The pictures get left out, but everything else in the listing below must be duplicated exactly.

Data —
*** Block opens ***

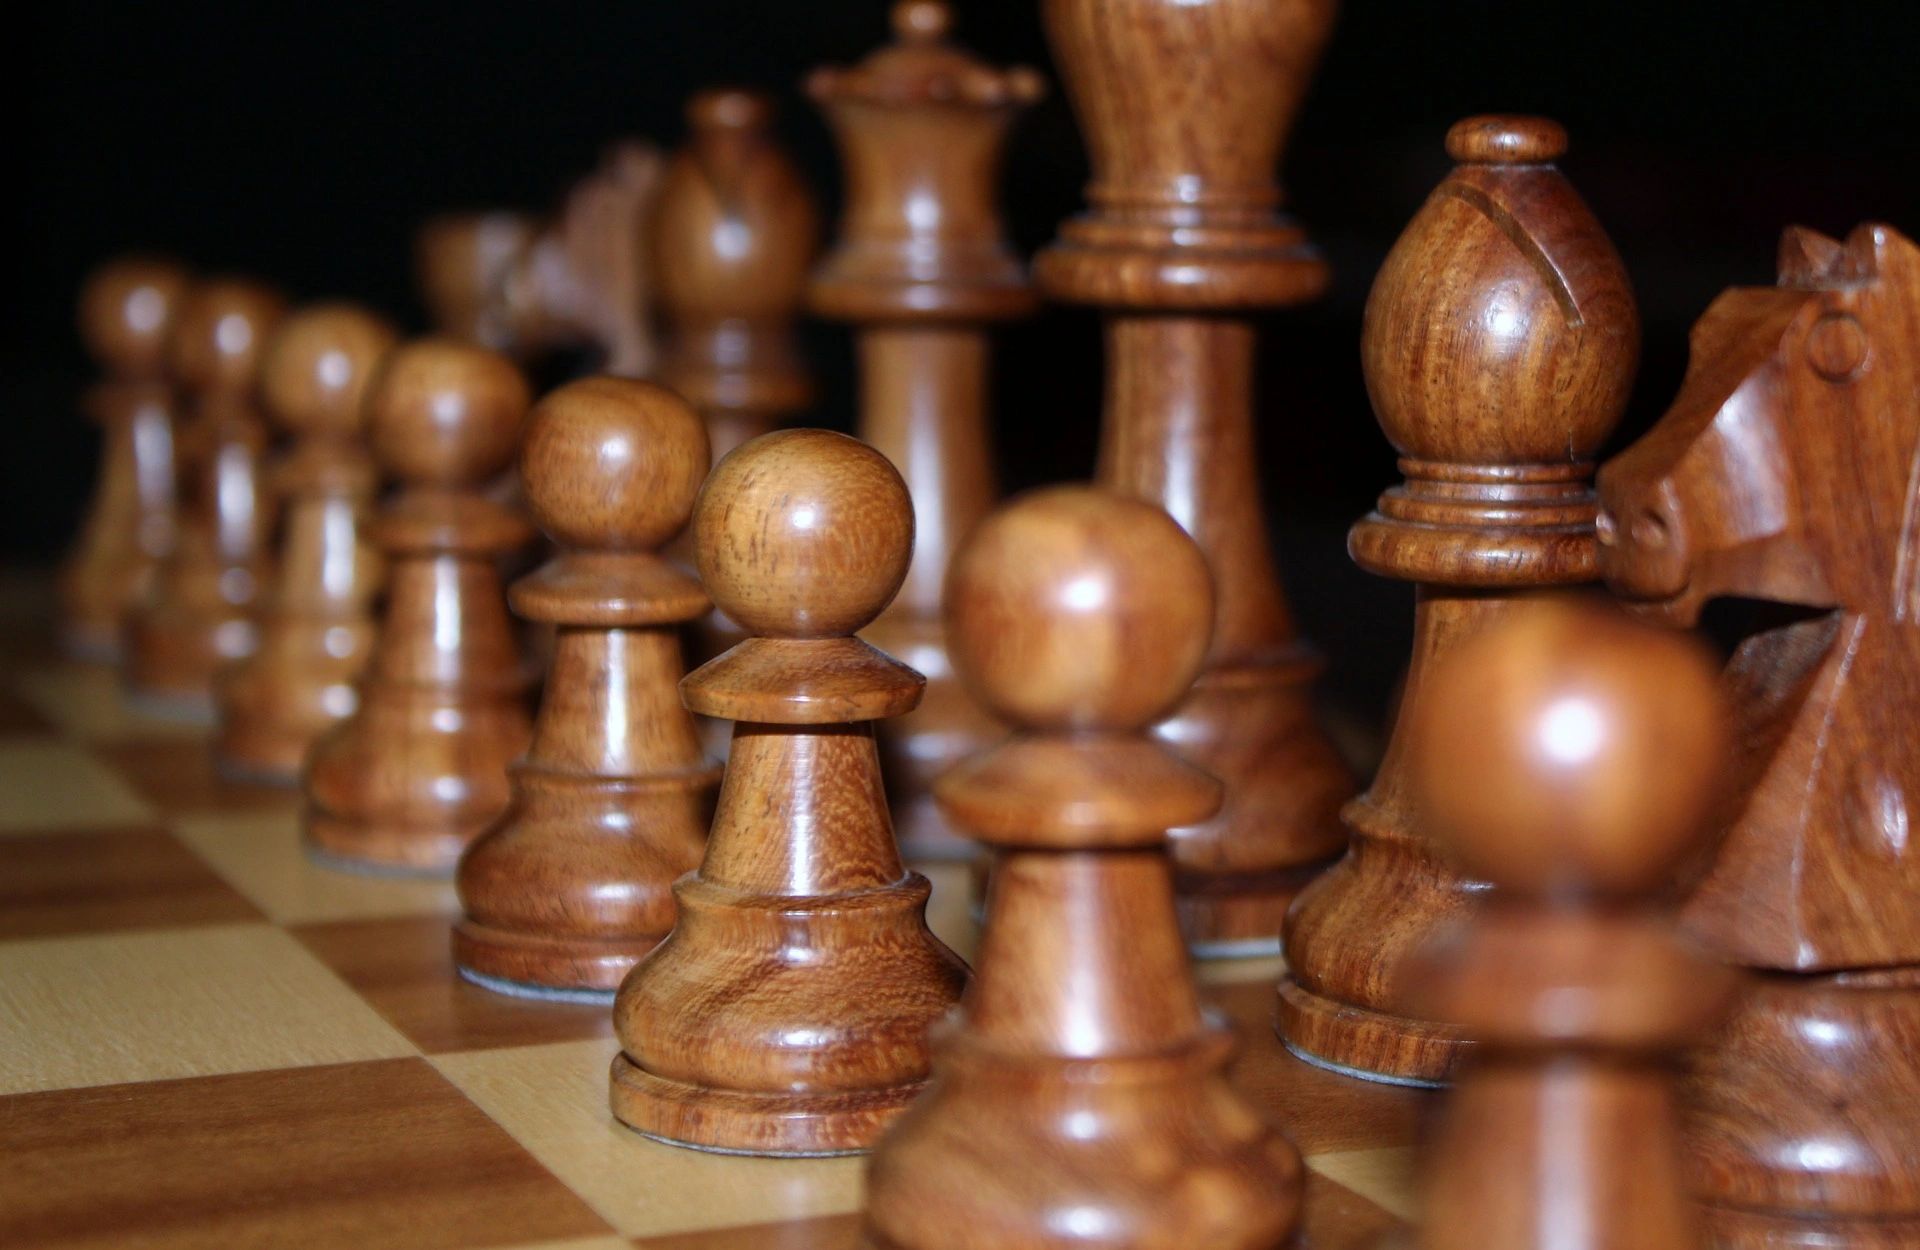 Gemeinsames Schach spielen - Über den Tellerrand
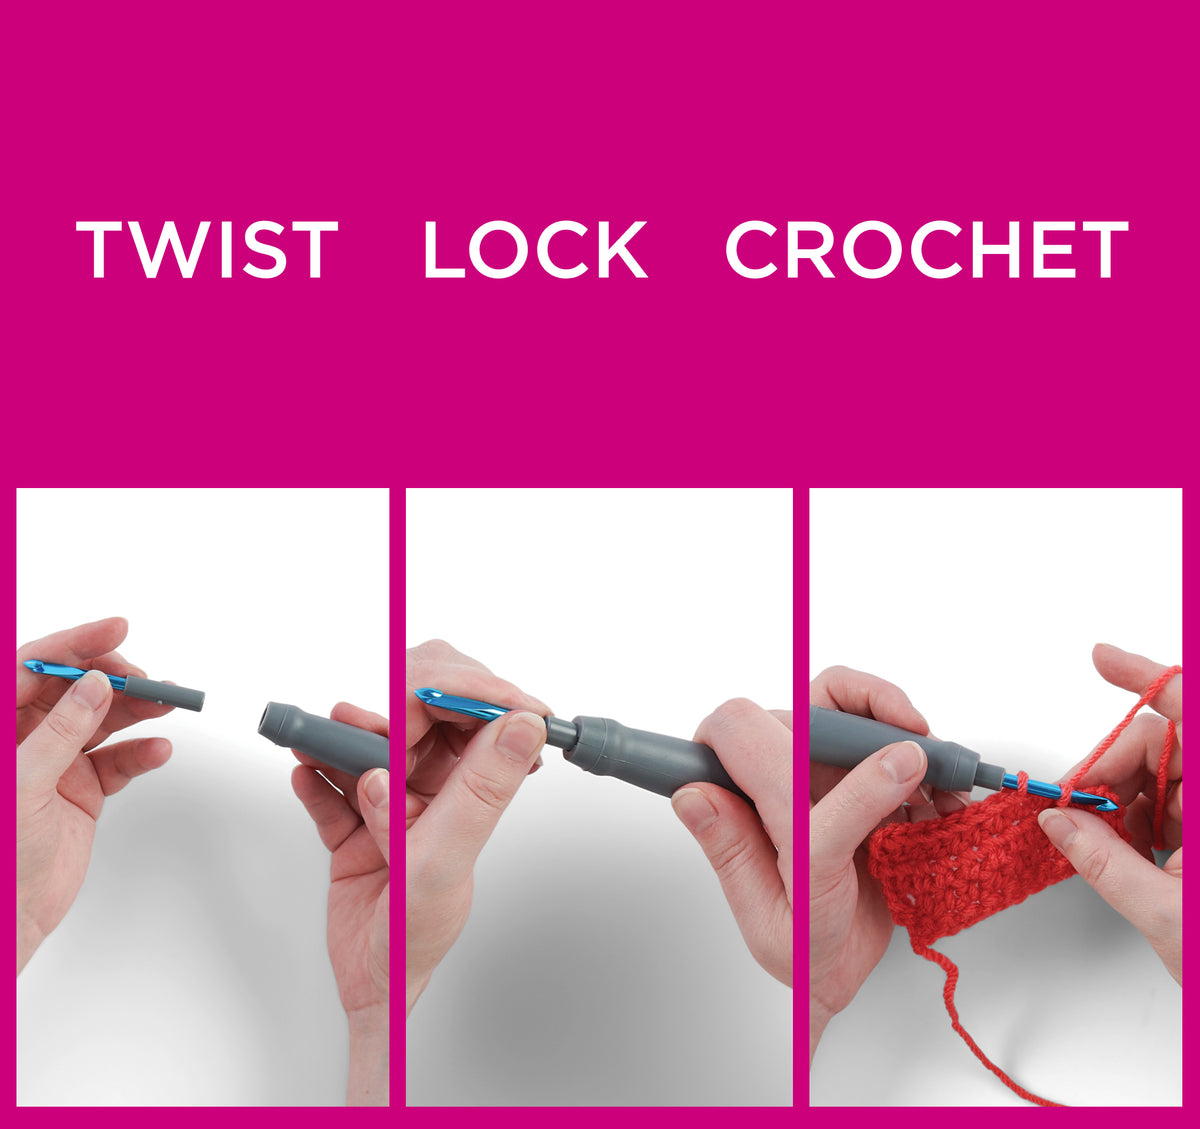 Twist, Lock, Crochet
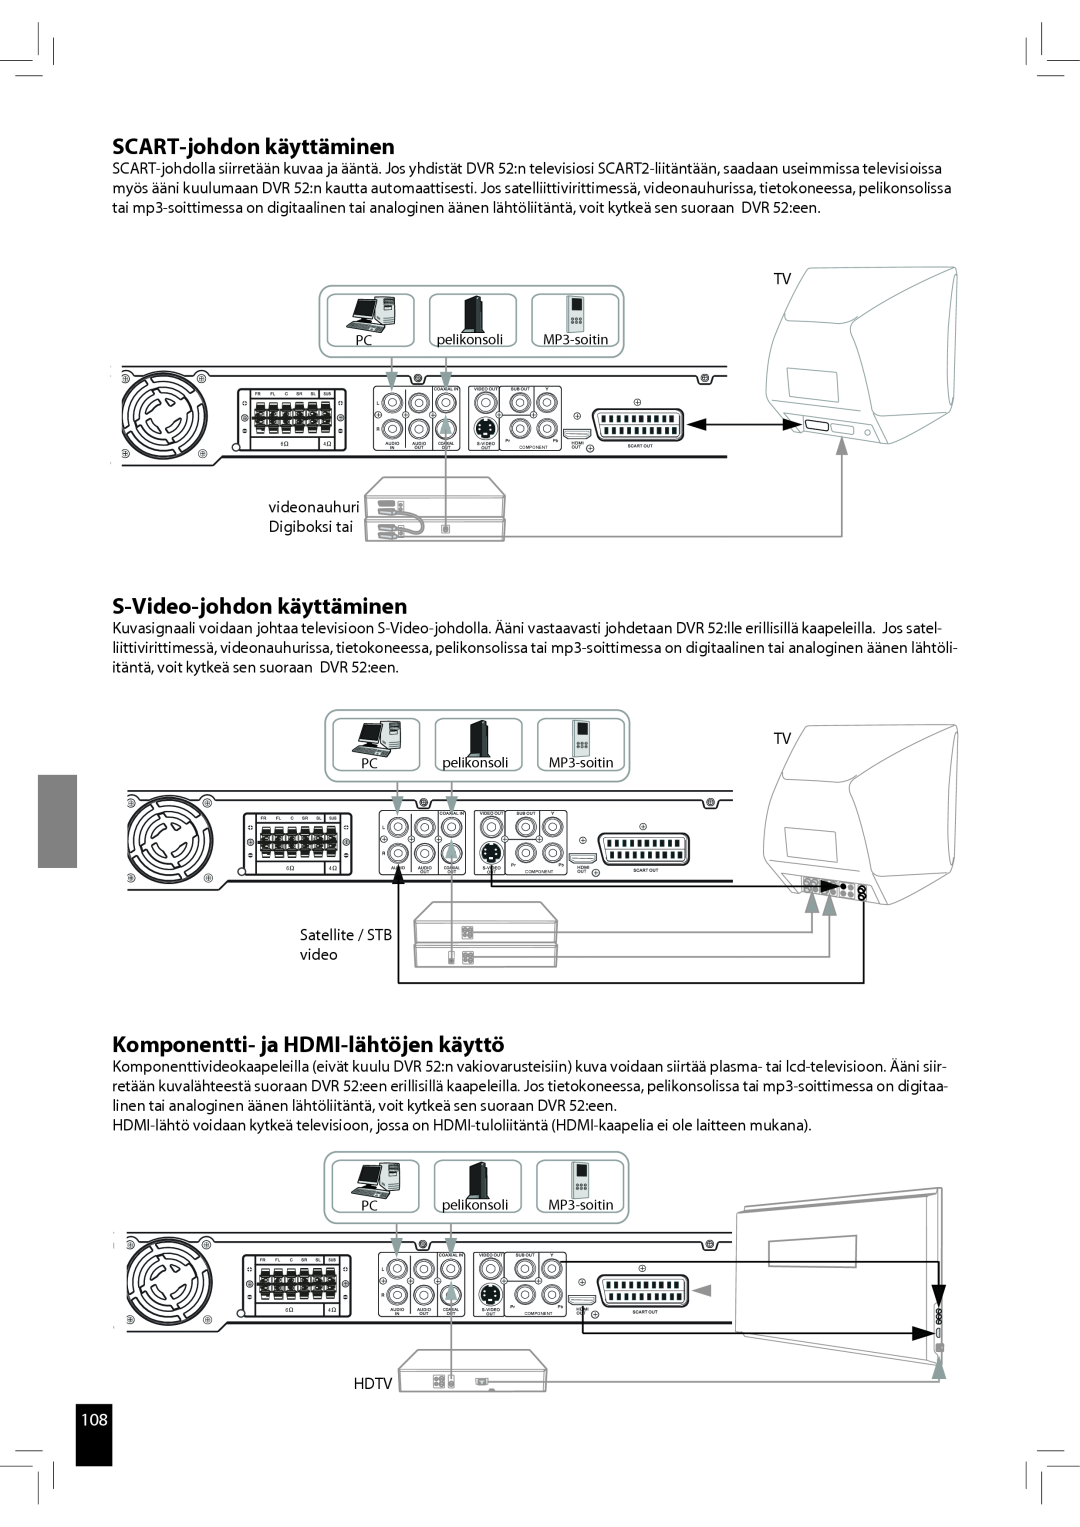 JAMO S 502 manual SCART-johdonkäyttäminen, S-Video-johdonkäyttäminen, Komponentti- ja HDMI-lähtöjenkäyttö 
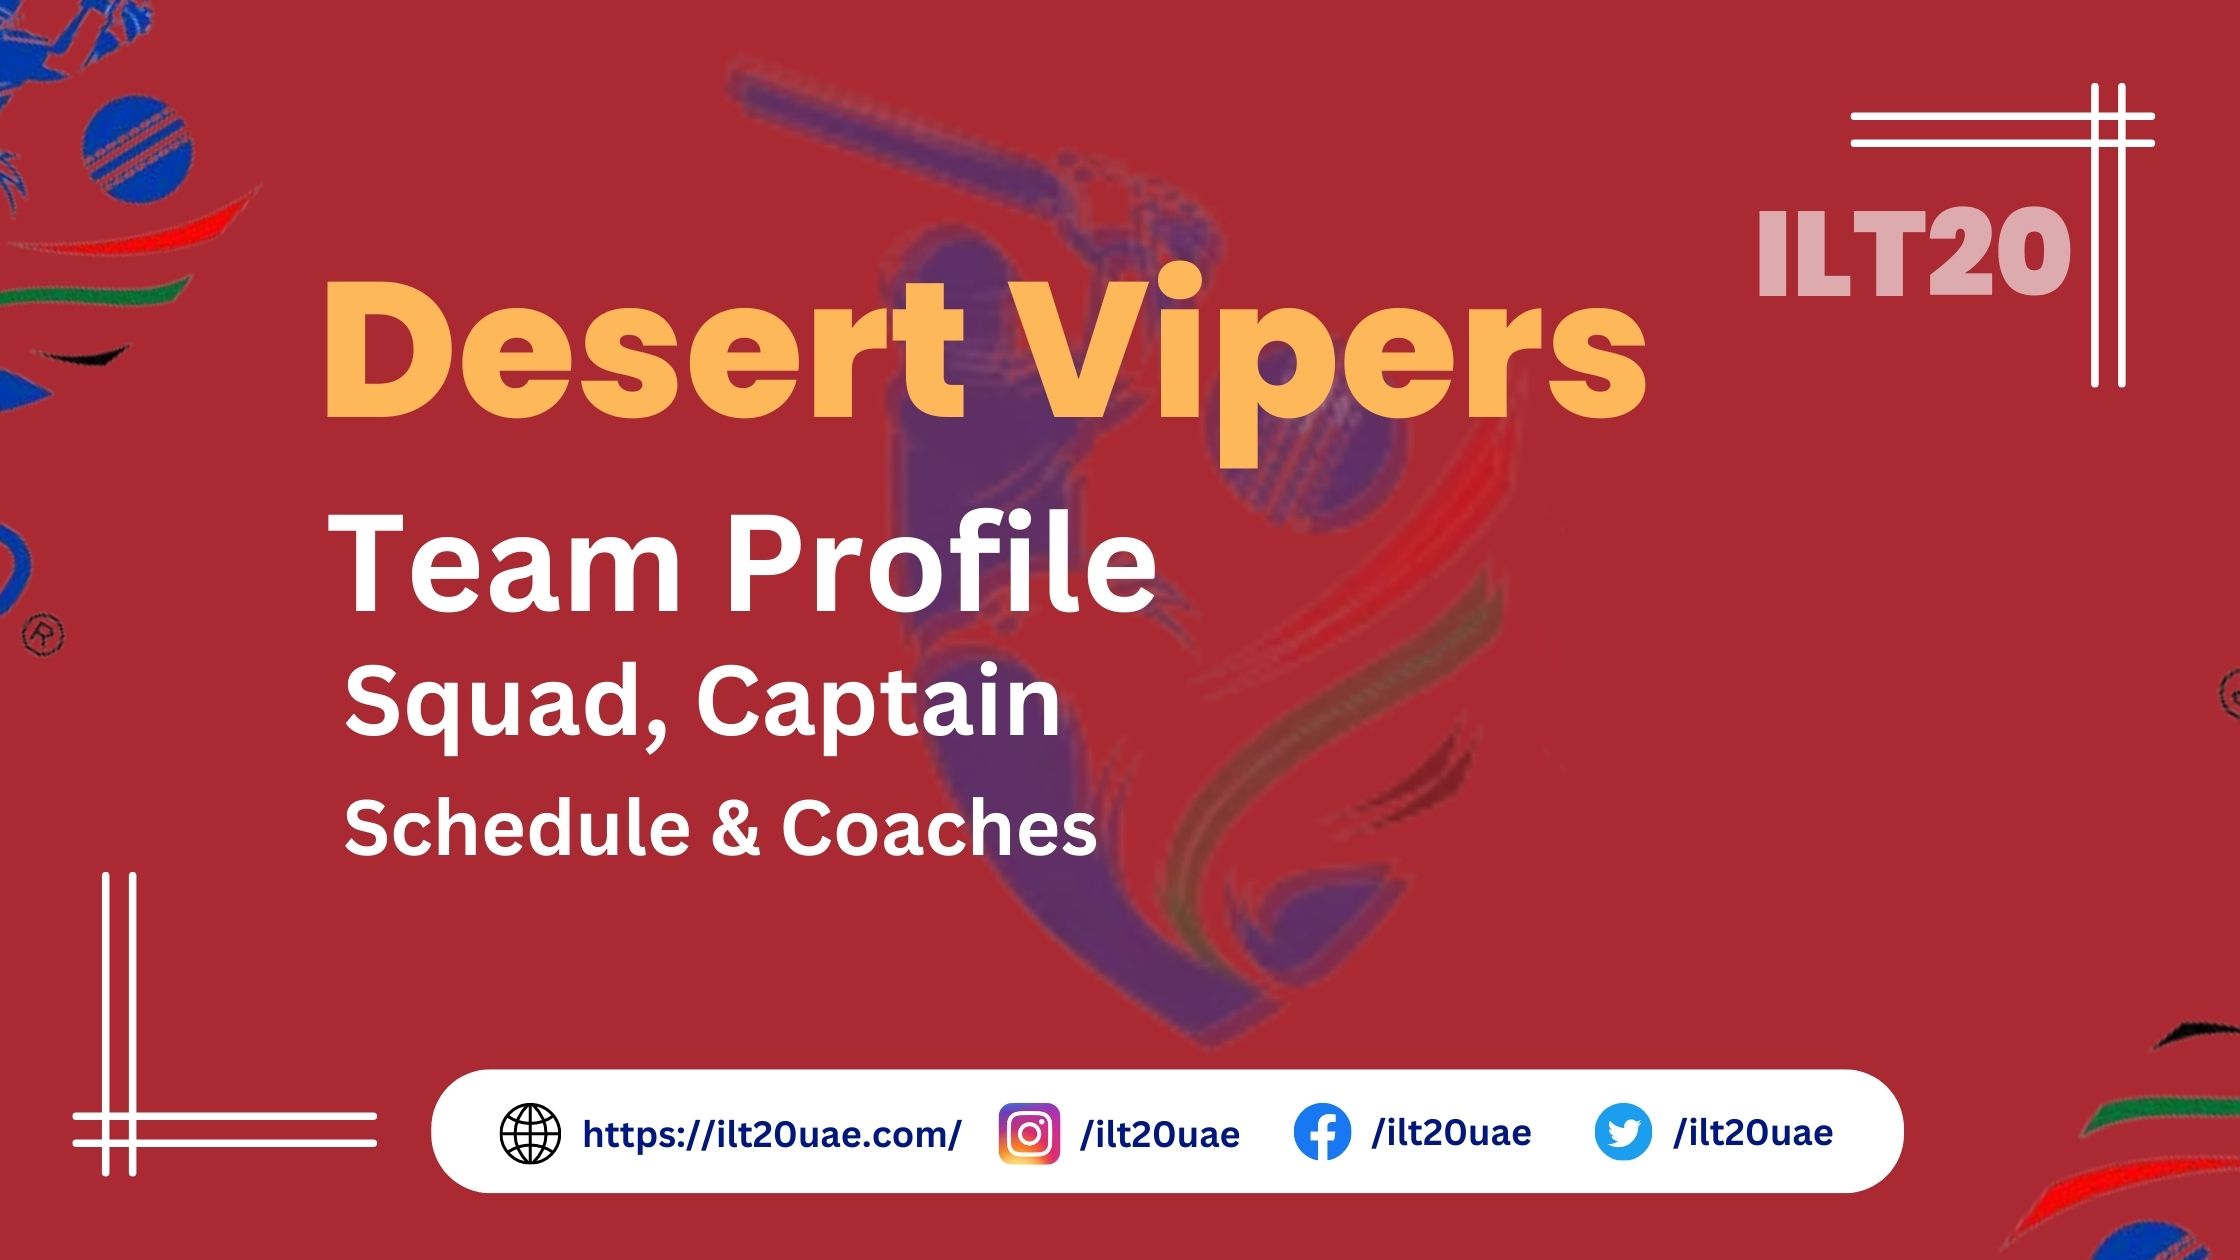 Desert Vipers Team

*** Block closes ***

Result below —
 Gemeinsames Schach spielen - Über den Tellerrand
 Twist, Lock, Crochet
 JAMO S 502 manual SCART-johdonkäyttäminen, S-Video-johdonkäyttäminen, Komponentti- ja HDMI-lähtöjenkäyttö 
 Desert Vipers Team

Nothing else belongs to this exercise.